Below are records; quote them exactly from the first line through the line that contains "お待たせしております「MEK".

DATA RECORDS START

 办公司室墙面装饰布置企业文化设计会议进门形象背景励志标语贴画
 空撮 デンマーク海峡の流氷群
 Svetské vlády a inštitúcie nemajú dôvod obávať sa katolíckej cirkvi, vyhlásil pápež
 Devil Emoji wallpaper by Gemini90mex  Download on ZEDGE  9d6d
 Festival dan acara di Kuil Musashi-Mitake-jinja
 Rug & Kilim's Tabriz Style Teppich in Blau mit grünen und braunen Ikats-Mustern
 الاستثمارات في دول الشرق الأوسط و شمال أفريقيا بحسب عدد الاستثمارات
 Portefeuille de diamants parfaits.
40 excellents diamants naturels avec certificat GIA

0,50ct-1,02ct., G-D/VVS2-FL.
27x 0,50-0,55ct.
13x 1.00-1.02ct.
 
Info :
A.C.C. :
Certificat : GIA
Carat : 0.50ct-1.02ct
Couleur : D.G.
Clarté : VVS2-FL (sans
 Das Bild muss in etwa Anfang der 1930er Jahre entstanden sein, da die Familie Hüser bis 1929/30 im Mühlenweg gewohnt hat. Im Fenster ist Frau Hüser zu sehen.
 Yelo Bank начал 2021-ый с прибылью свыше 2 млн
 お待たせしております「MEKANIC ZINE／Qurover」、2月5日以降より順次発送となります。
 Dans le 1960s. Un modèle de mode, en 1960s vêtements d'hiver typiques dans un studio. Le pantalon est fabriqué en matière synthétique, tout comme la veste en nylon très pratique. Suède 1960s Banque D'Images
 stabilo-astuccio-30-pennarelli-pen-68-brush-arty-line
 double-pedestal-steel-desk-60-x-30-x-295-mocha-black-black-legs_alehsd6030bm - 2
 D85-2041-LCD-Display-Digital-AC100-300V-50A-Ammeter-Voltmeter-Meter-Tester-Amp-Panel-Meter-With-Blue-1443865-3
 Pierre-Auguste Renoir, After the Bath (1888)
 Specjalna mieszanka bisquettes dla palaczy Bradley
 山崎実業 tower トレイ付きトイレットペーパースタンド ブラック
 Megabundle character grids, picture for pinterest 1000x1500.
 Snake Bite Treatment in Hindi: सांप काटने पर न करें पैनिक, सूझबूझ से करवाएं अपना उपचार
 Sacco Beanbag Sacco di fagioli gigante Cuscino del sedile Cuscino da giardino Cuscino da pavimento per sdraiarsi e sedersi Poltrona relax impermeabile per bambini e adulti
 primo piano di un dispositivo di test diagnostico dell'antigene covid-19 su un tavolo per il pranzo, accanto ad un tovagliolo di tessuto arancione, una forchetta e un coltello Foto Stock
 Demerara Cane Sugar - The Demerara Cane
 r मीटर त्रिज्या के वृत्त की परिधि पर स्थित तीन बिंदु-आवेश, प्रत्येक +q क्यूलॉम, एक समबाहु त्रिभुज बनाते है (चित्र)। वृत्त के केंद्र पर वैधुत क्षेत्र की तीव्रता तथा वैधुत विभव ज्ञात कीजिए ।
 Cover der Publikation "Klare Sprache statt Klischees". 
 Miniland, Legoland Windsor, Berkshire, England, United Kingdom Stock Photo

DATA RECORDS END

WORKED SOLUTION —
 办公司室墙面装饰布置企业文化设计会议进门形象背景励志标语贴画
 空撮 デンマーク海峡の流氷群
 Svetské vlády a inštitúcie nemajú dôvod obávať sa katolíckej cirkvi, vyhlásil pápež
 Devil Emoji wallpaper by Gemini90mex  Download on ZEDGE  9d6d
 Festival dan acara di Kuil Musashi-Mitake-jinja
 Rug & Kilim's Tabriz Style Teppich in Blau mit grünen und braunen Ikats-Mustern
 الاستثمارات في دول الشرق الأوسط و شمال أفريقيا بحسب عدد الاستثمارات
 Portefeuille de diamants parfaits.
40 excellents diamants naturels avec certificat GIA

0,50ct-1,02ct., G-D/VVS2-FL.
27x 0,50-0,55ct.
13x 1.00-1.02ct.
 
Info :
A.C.C. :
Certificat : GIA
Carat : 0.50ct-1.02ct
Couleur : D.G.
Clarté : VVS2-FL (sans
 Das Bild muss in etwa Anfang der 1930er Jahre entstanden sein, da die Familie Hüser bis 1929/30 im Mühlenweg gewohnt hat. Im Fenster ist Frau Hüser zu sehen.
 Yelo Bank начал 2021-ый с прибылью свыше 2 млн
 お待たせしております「MEKANIC ZINE／Qurover」、2月5日以降より順次発送となります。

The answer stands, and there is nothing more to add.